Courtesy, Universal Pictures

Movie Review: Jurassic World: Dominion

15:00 June 14, 2022
By: David Vicari

The thrill really is long gone from the Jurassic Park movies. Actually, I feel Steven Spielberg's 1993 original movie is the only truly good one, and I revisit it often. It's a pretty great roller coaster ride of a movie. The rest, however, are subpar. I did kind of enjoy Jurassic World: Fallen Kingdom (2018), which most fans hated, but it was a much better made movie than its predecessor, Jurassic World (2015), and actually had a few inventive moments.

Jurassic World: Dominion is the new film, and please, for the sweet love of God, make it be the last, because this is a bloated bore. This movie actually makes dinosaurs dull! That's a real crime.

In Dominion, the destruction of Isla Nublar has caused the genetically created dinosaurs to escape into locations all over the world and to live alongside humans. Of course, they eat humans when they get the chance, and, in turn, humans hunt the dinos.

Courtesy, Universal Pictures

Former operations manager of Jurassic World, Claire Dearing (Bryce Dallas Howard) and Raptor whisperer Owen Grady (Chris Pratt) are living deep in the Sierra Nevada mountains, and are hiding the genetically created girl, Maisie (Isabella Sermon), from people who would harm her. A subplot involving an engineering corporation creating locusts the size of squirrels to monopolize the world's food supply synthetically adds the main characters from the original Jurassic Park - paleobotanist Ellie Sattler (Laura Dern), paleontologist Alan Grant (Sam Neill) and mathematician Ian Malcolm (Jeff Goldblum) - into the mix. There are a bunch of other characters too, and the film becomes a James Bond-ian globe trotting spy adventure. The cast is huge, but no one has the chance to do much. I did get an unintended laugh from a shot late in the movie which portrays a large group of the cast having their exit blocked by a carnivorous creature because the shot and the actors poses looked like the album cover of Band on the Run by Paul McCartney and Wings.
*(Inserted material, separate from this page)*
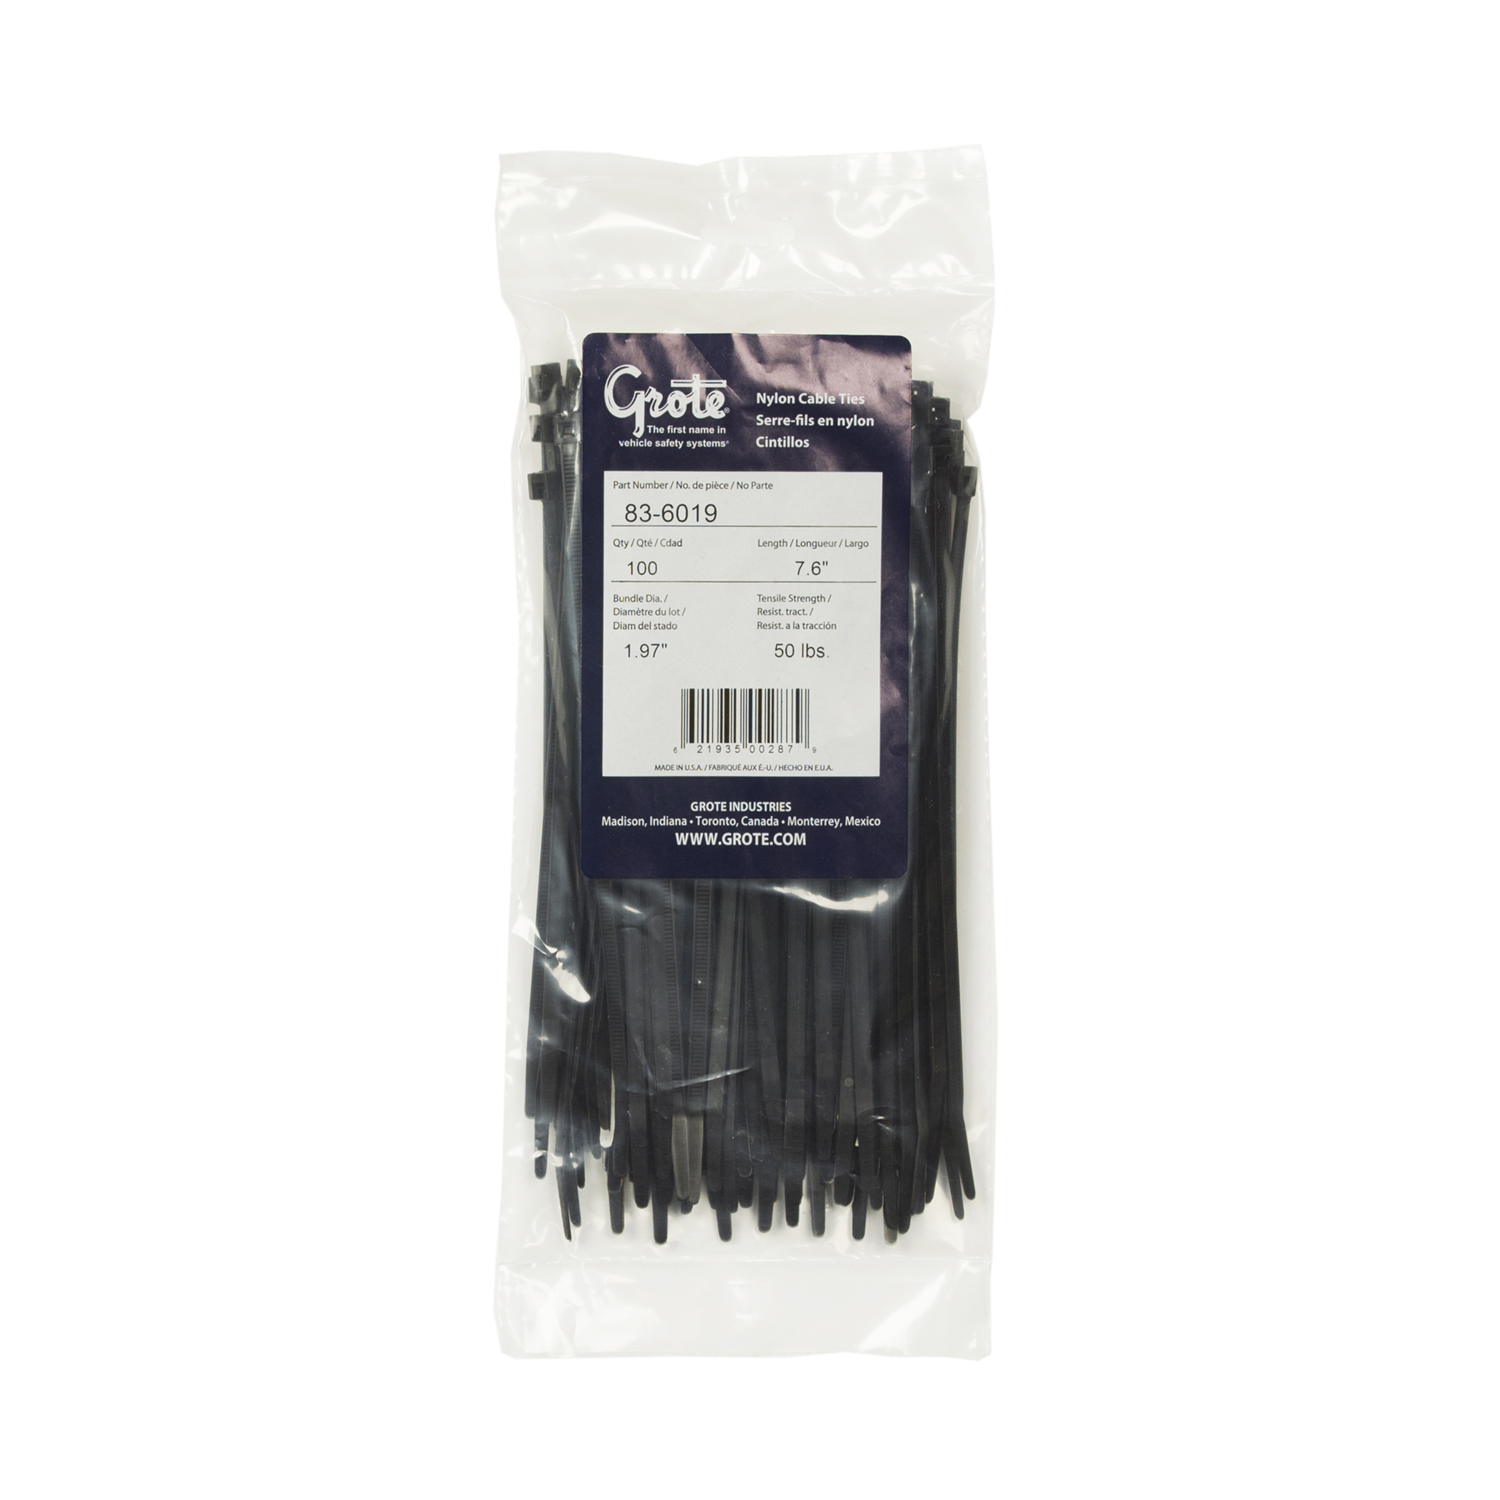 Nylon Cable Ties Standard Duty, 8" Length, 100 Pack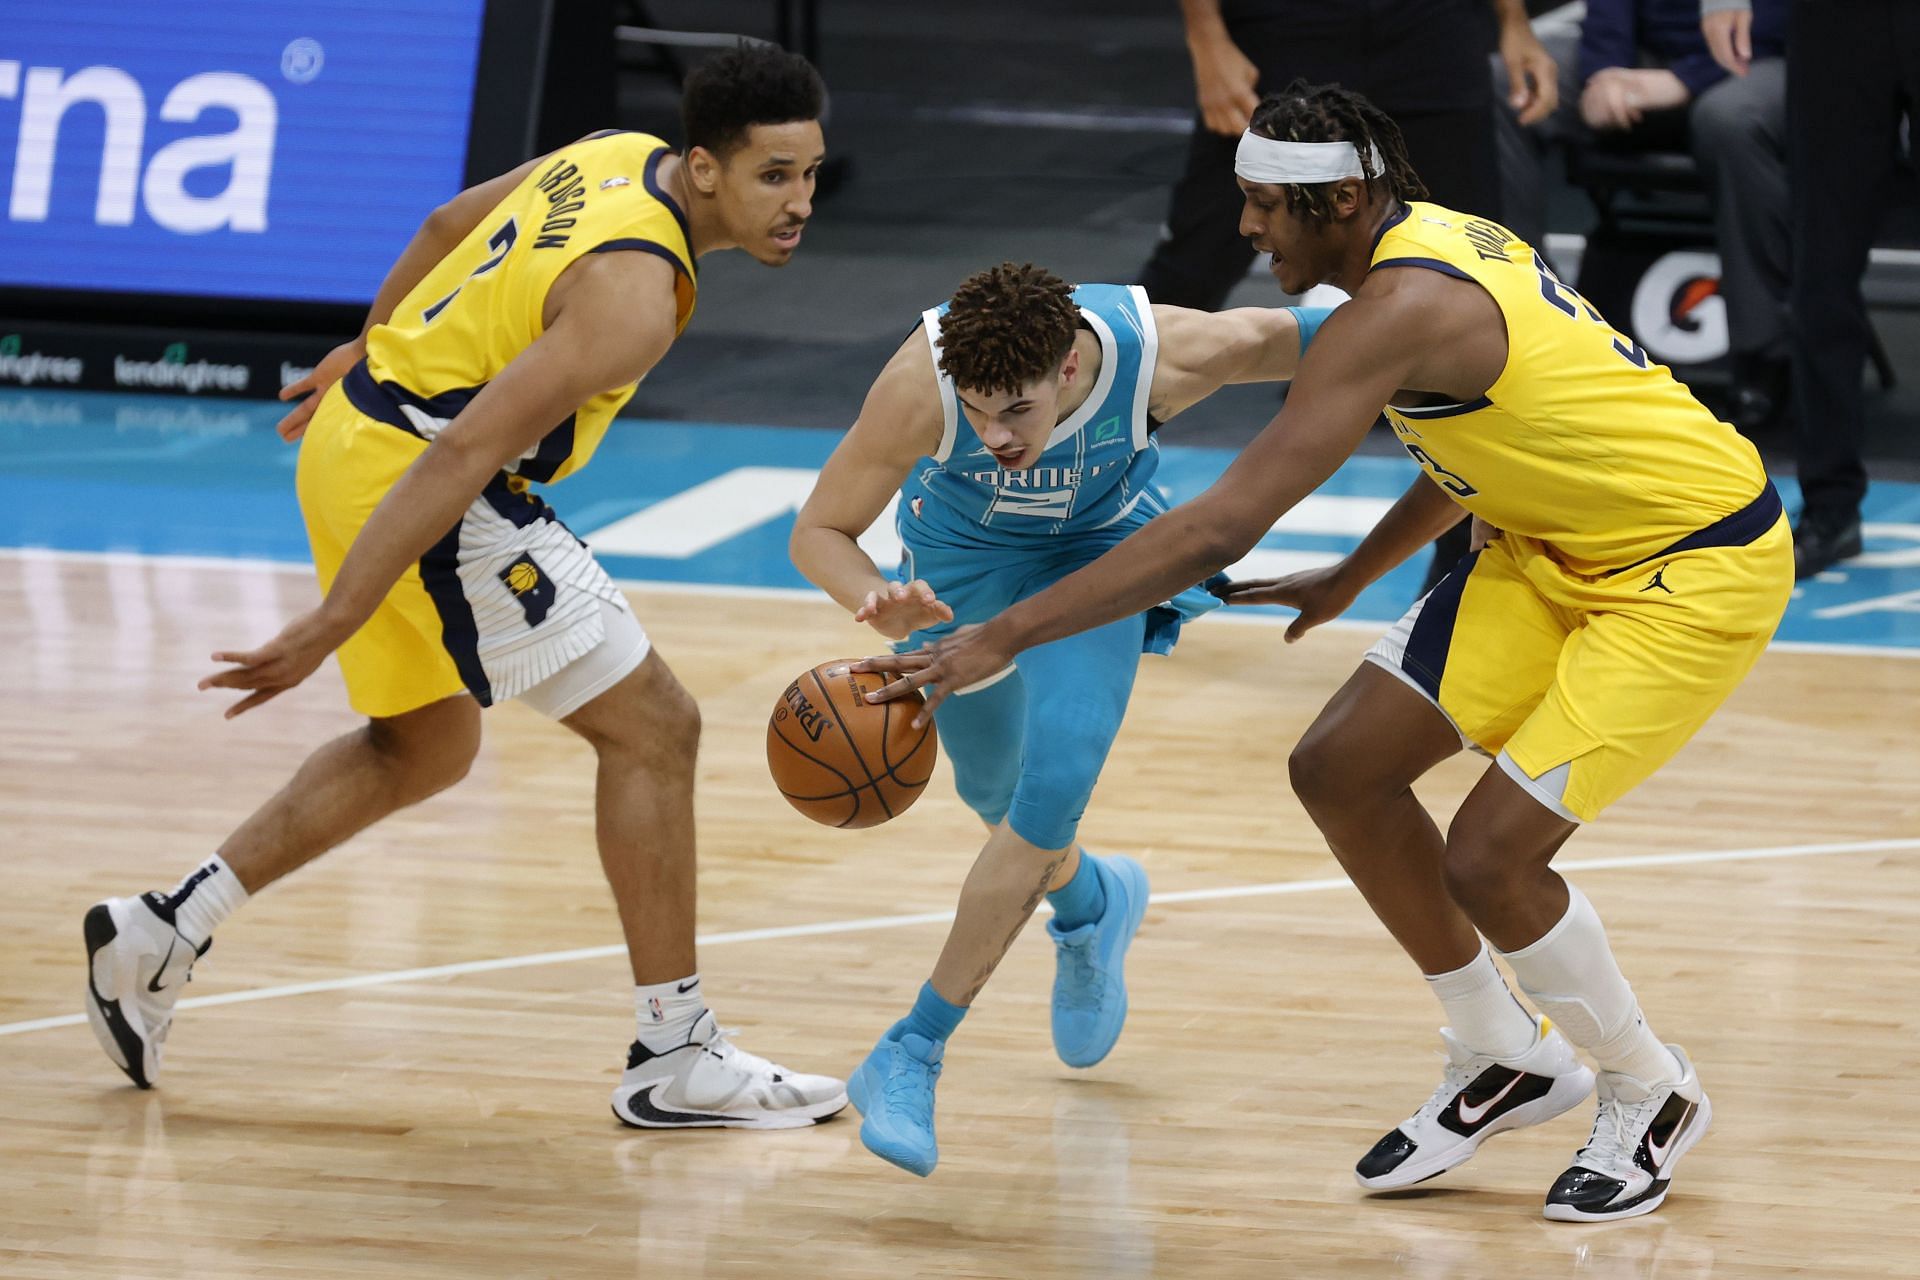 The Indiana Pacers visit the Charlotte Hornets to open their 2021-22 NBA campaign.

Both Dominion and 2015's Jurassic World were perpetrated by director Colin Trevorrow, and they have the same problems - a lousy script and lackluster direction. The screenplay here - by Trevorrow and Emily Carmichael - is a jumbled mess, and the film rambles (Two-hours and 26-minutes) and never has a clear story focus. And having the character of Ian Malcolm become a sellout is wrong and unforgivable.

The dinosaurs are superfluous to the plot. They are just there when the movie needs an action scene, but after five previous movies, these dino chase scenes are really tired. Missing is the expert execution of Spielberg at the helm, because the action scenes here are shot jittery with quick cutting, making it nearly impossible to see what is happening.

Yes, the T-Rex is here, the raptors are here, and so are other dinos from the previous films. There are also the visual callbacks to moments from the original movie. So, everything in Dominion we've seen before.